Data excerpt
_ _ _ _ _

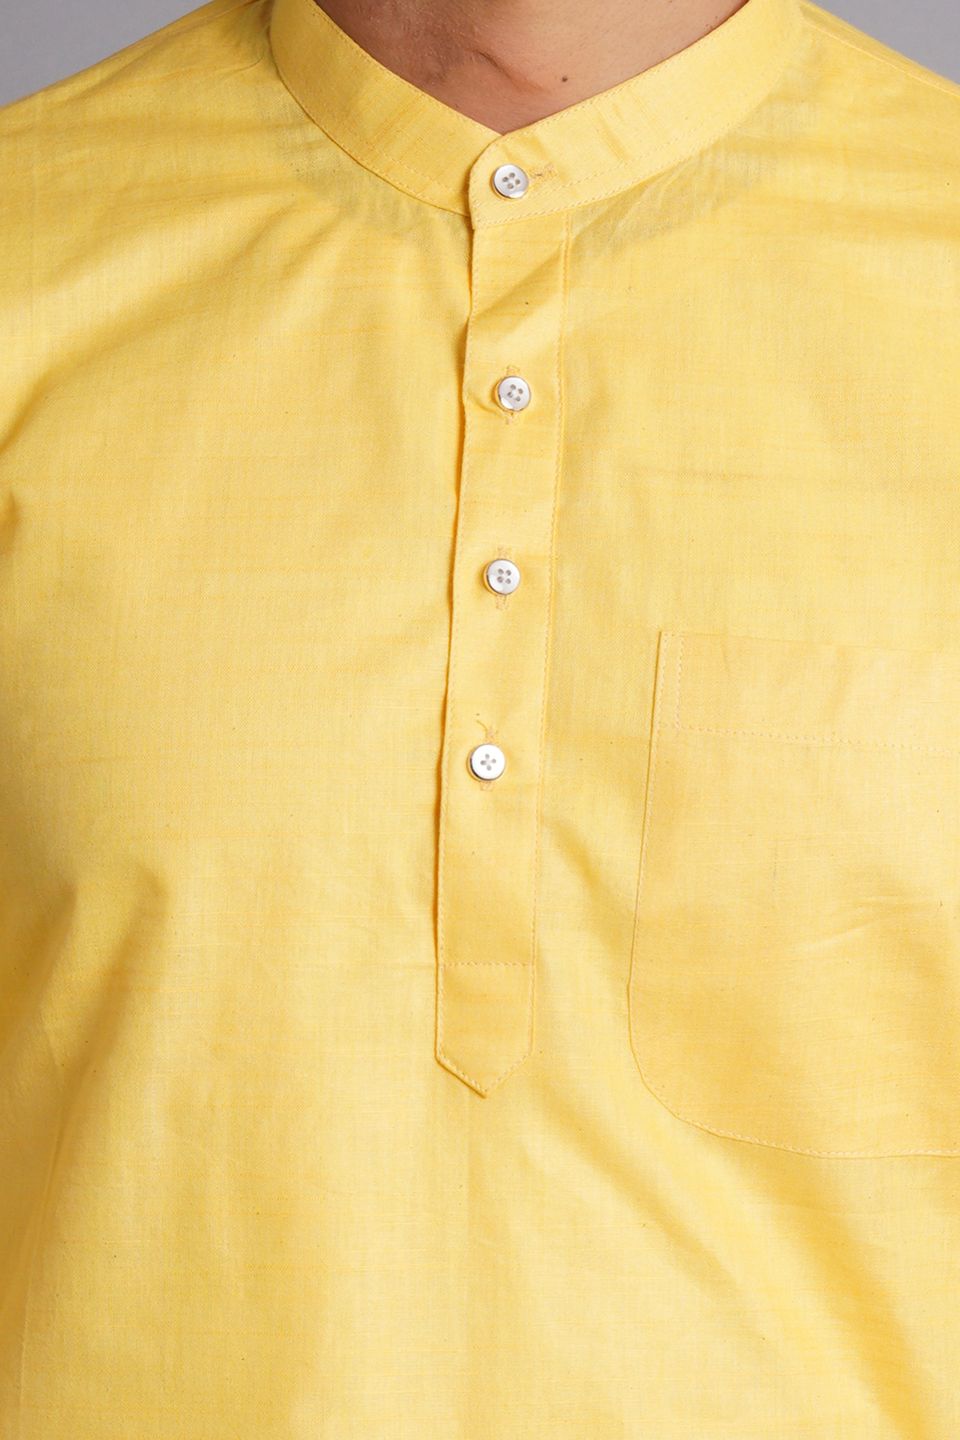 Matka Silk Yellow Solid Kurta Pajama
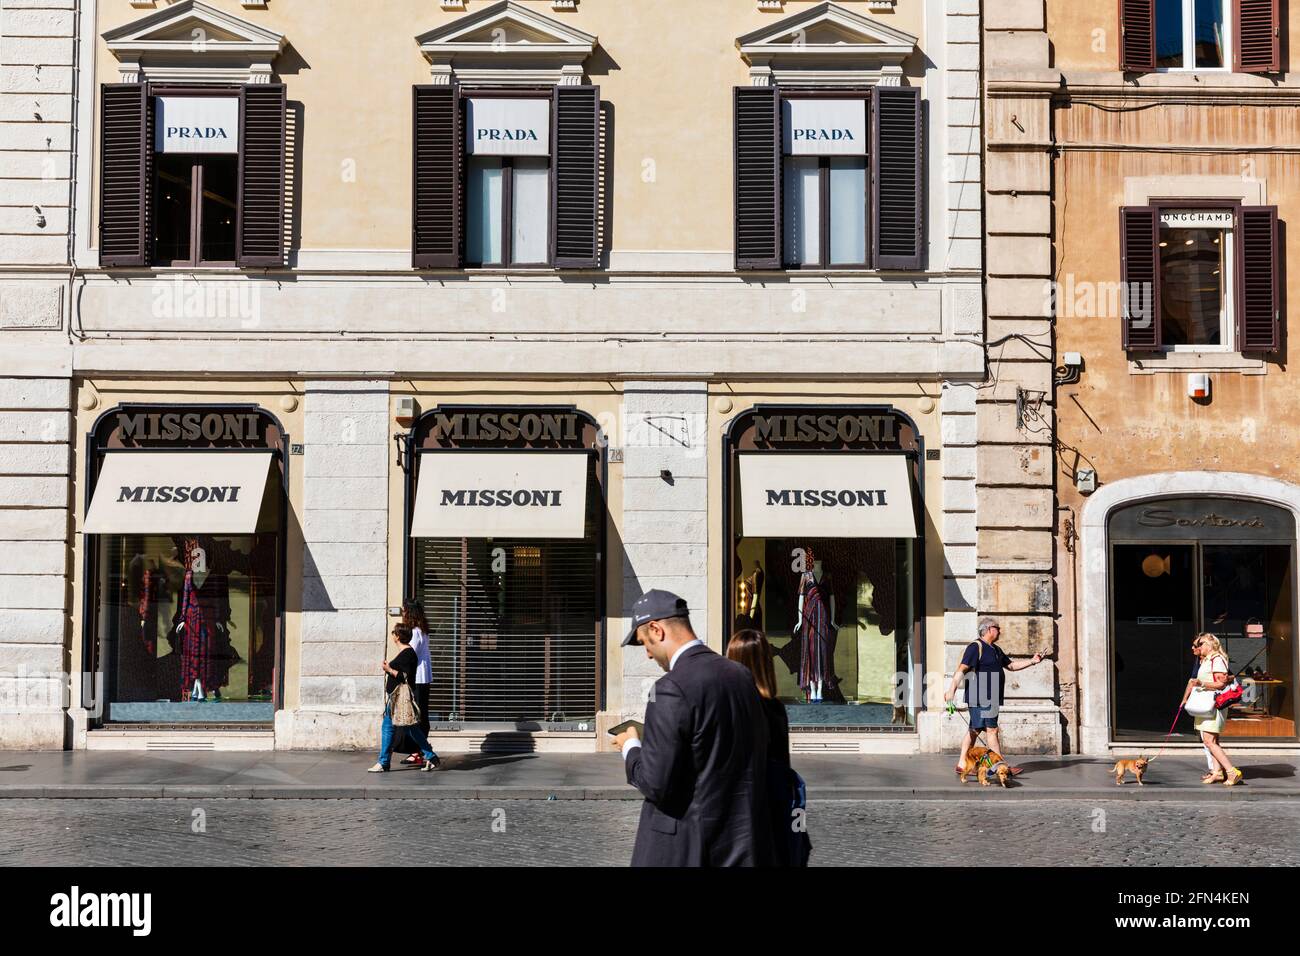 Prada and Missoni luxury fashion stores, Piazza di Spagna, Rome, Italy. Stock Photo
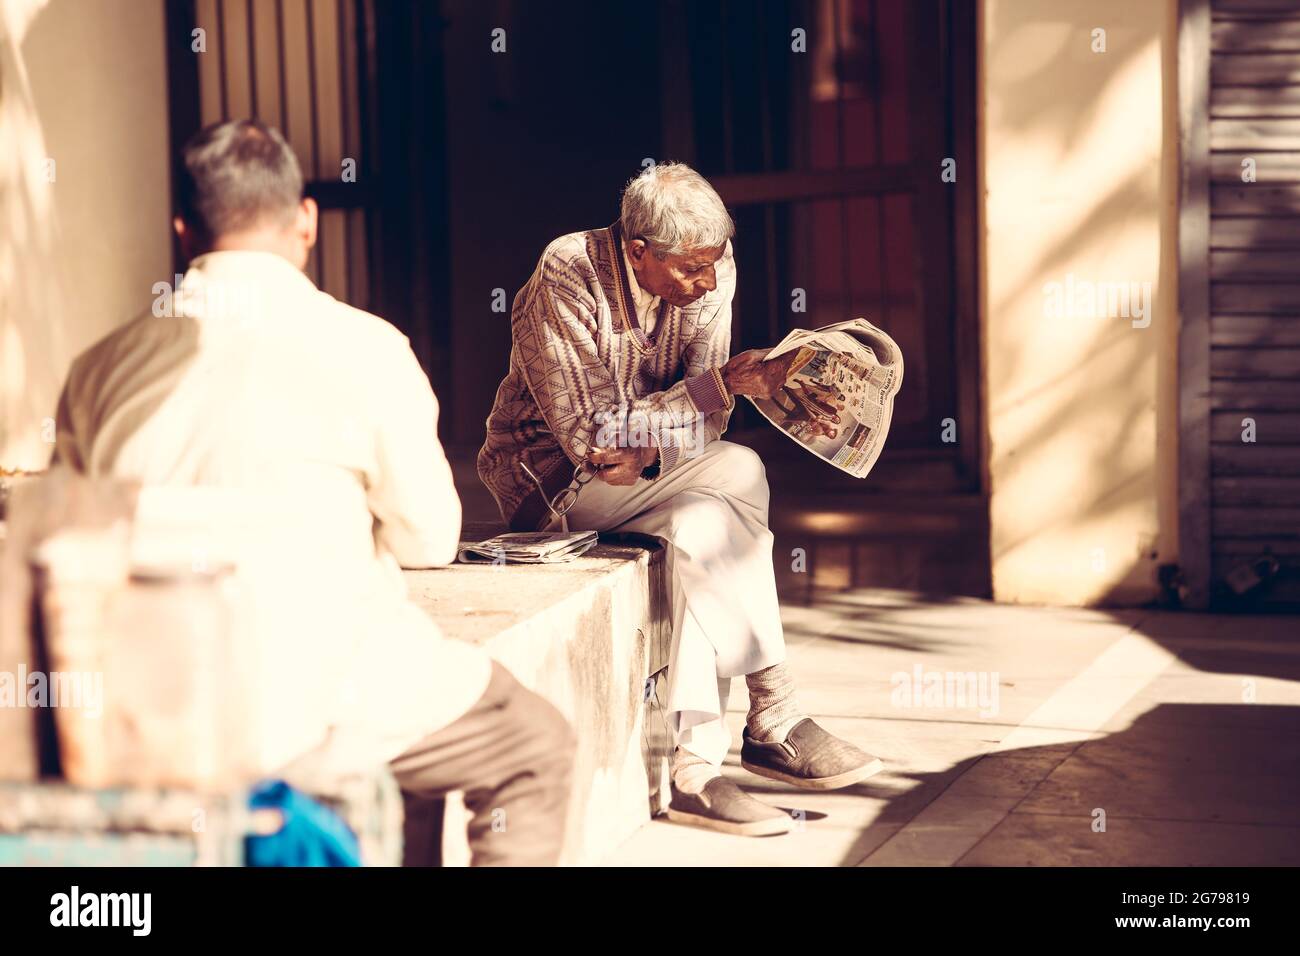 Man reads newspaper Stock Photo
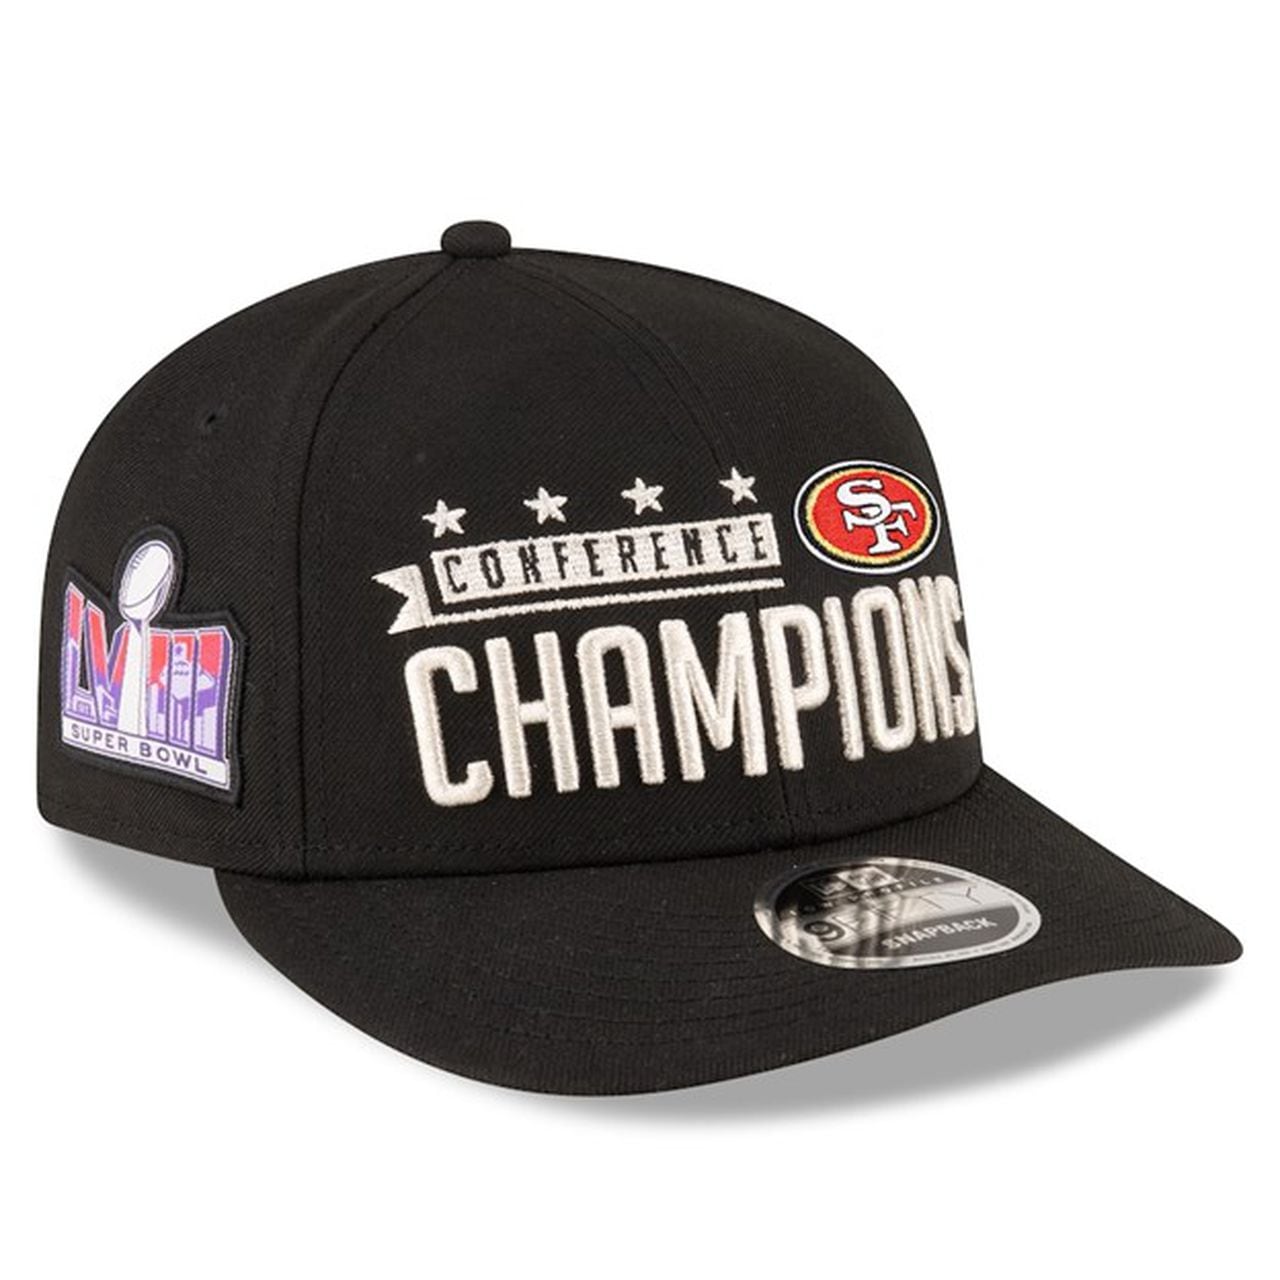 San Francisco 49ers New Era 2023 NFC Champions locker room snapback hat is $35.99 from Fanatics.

_ _ _ _ _

What is being asked
From the line holding "Man reads newspaper Stock Photo" to the last line of the listing, please output each line exactly as it stands. Pictures stay out of the copy.

Finished exercise
 Man reads newspaper Stock Photo
 San Francisco 49ers New Era 2023 NFC Champions locker room snapback hat is $35.99 from Fanatics.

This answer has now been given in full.